TAS 201, TAS 202, and TAS 203 are performed in the correct sequence and according to the applicable standards.
This time, all tests are successfully completed.
5. Reporting and Decision Rules
The official report is based on the second, valid test series.
Pass/fail criteria and decision rules are clearly described in the report.
The first “invalid” test is kept only in internal records and is used as an input for management review and continual improvement.
6. Discussion Topics From an ISO/IEC 17025 Perspective
In training sessions, this case study can be used to trigger discussion around the following topics:
1. Impartiality vs. Commercial Pressure (Clause 4.1)
When a customer says “ignore this test, don’t record it”, how should a lab respond?
If a test is recorded internally but not reported externally, how should this be documented?
2. Process Validity and Records (Clauses 7.2, 7.5, 7.11)
If mounting is part of the test process, how should it be controlled and recorded?
What kind of evidence (photos, checklists, signatures) should be collected to defend the validity of the test?
3. Corrective Action and Risk-Based Thinking (Clause 8.5)
Is this incident just “bad luck, or a symptom of a systematic weakness?
What actions are needed to prevent similar disputes in other projects?
4. Input to Internal Audit and Management Review (Clauses 8.8 & 8.9)
How should this case be examined during the next internal audit?
Under which agenda items should it be discussed in management review (risks, customer complaints/appeals, process improvement, etc.)?
7. Discussion and Conclusion
This case clearly shows that in high-impact structural testing such as TAS 201, TAS 202, and TAS 203 hurricane impact and pressure tests, technical capability alone is not enough. Process control and the integrity of records are just as critical as the performance of the test rigs themselves.
When the glass broke unexpectedly on the first impact, WindSafe Test Lab found itself caught between two powerful forces:
• On one side, the customer’s commercial concerns and the request to “pretend this test never happened”,
• On the other, the core ISO/IEC 17025 principles of *impartiality, traceability, and complete, honest records*.

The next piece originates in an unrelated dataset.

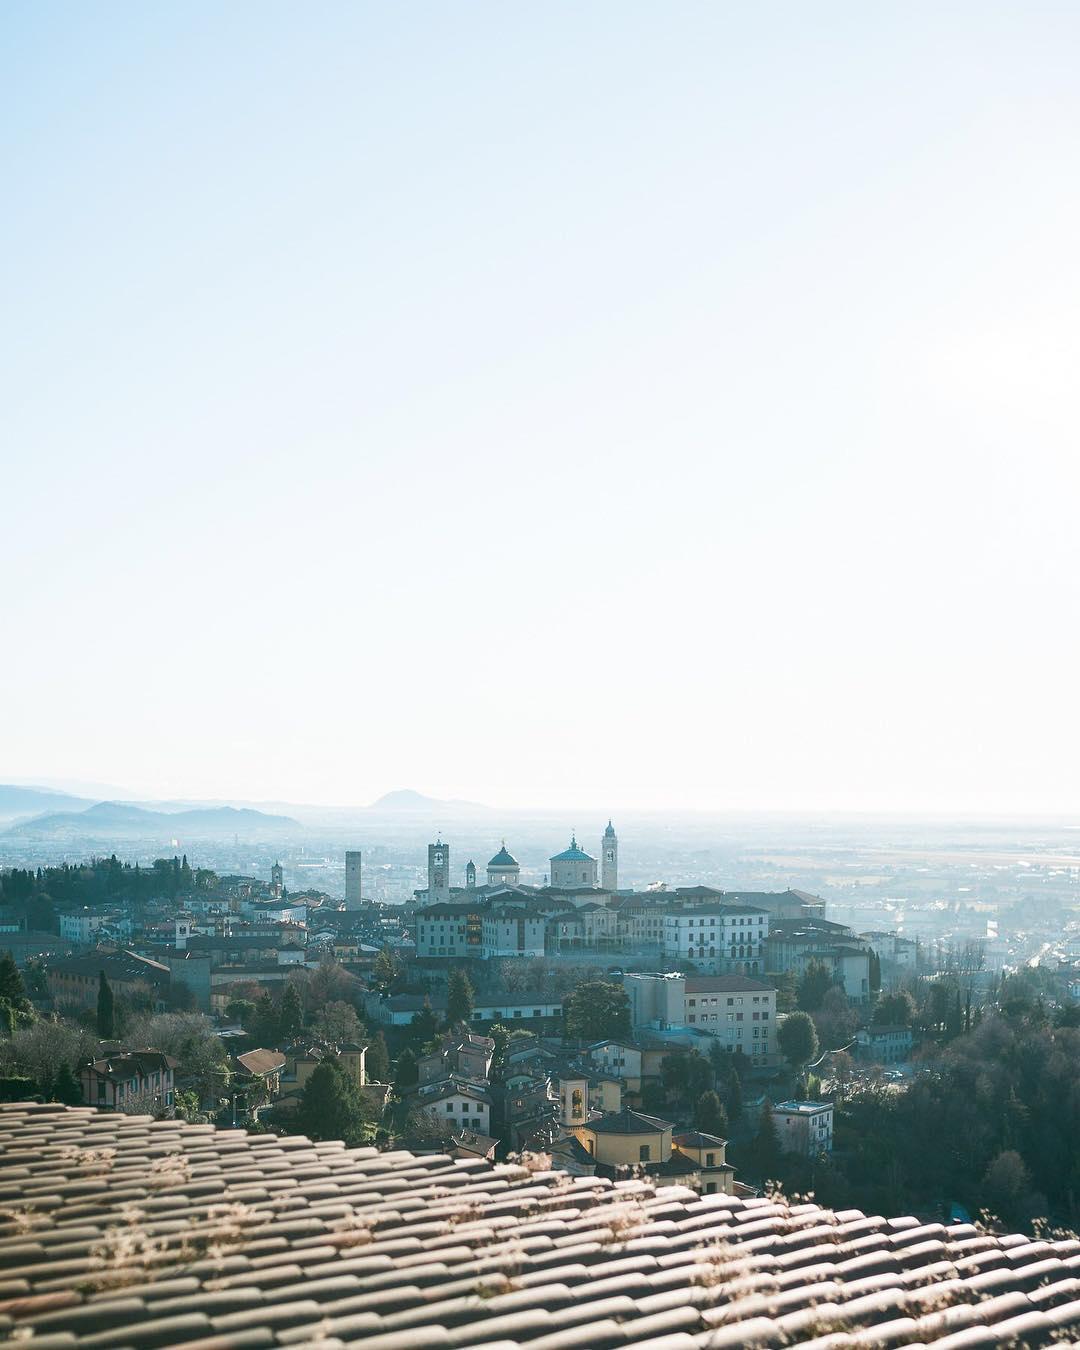 Bergamo, Italy (Image by Luca Giupponi)
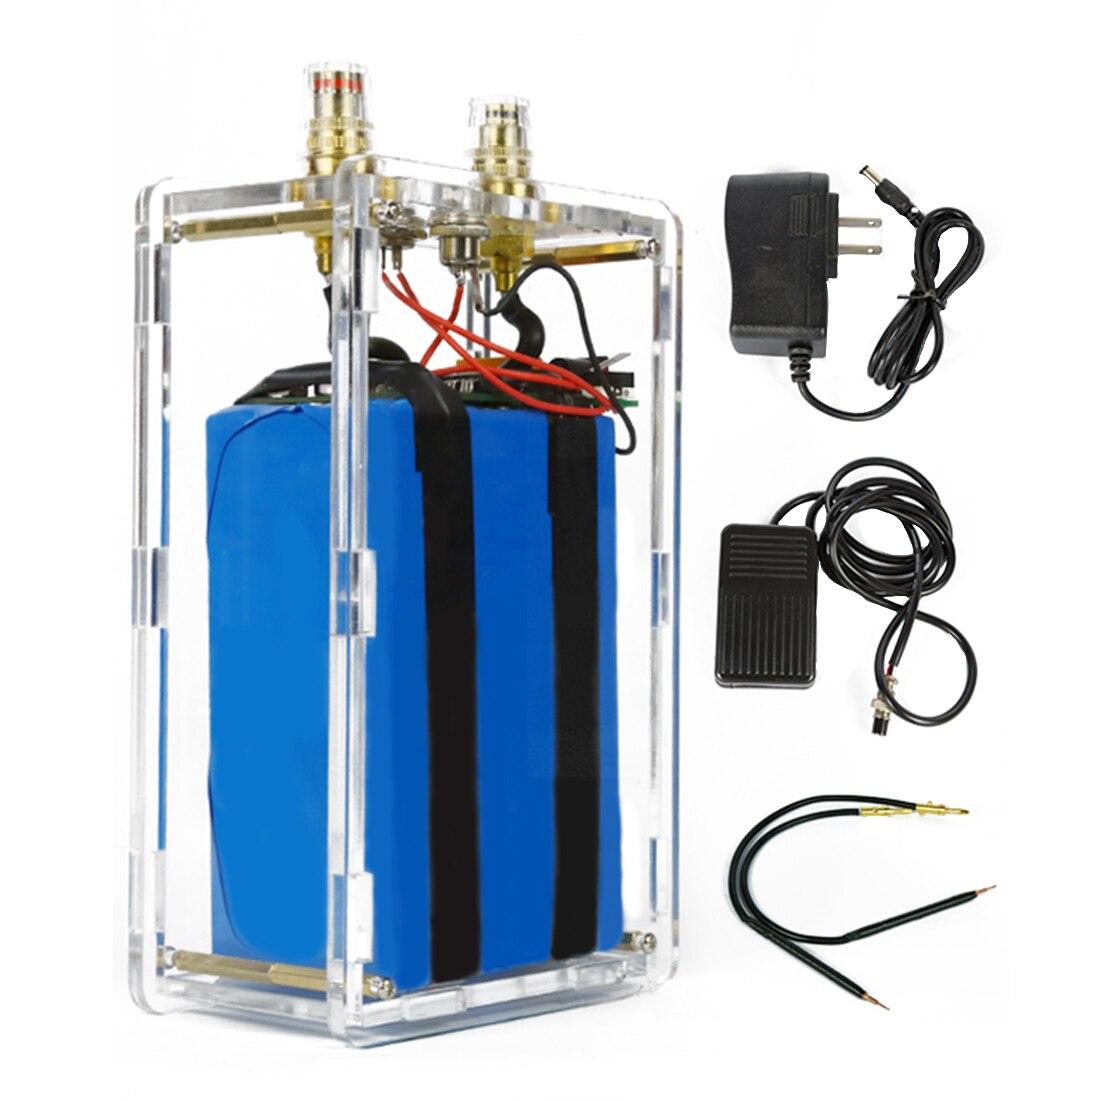 DIY Portable Spot Welder Lithium Battery Powered Spot Welder With Acrylic Shell

By choosing not to erase the first attempt, but to record it as an “invalid test”, open a corrective action, and strengthen the mounting and documentation process, the lab demonstrated a risk-based, evidence-driven approach aligned with ISO/IEC 17025. As a result:
• The lab formally acknowledged that the mounting process is an integral part of the test.
• It made *photo-documented, checklist-based installation mandatory to prevent future disputes.
• The incident was fed into internal audit and management review, becoming part of the lab’s organizational memory.
When using this case in training, you can guide discussion with questions such as:
• If you were the lab, would you completely delete the first test, or record it as “invalid”?
• When mounting is done by the customer’s staff, how do you balance impartiality with shared responsibility?
• As an internal auditor, which records and controls would you expect to see in this situation?
Ultimately, this case study highlights a key message:
In hurricane impact testing, it’s not only the window system that is being tested
the laboratory’s ethics and commitment to the ISO/IEC 17025 framework are on trial as well.
The “right” decision is not the one that is commercially most convenient,
but the one that is most consistent with the principles of the standard.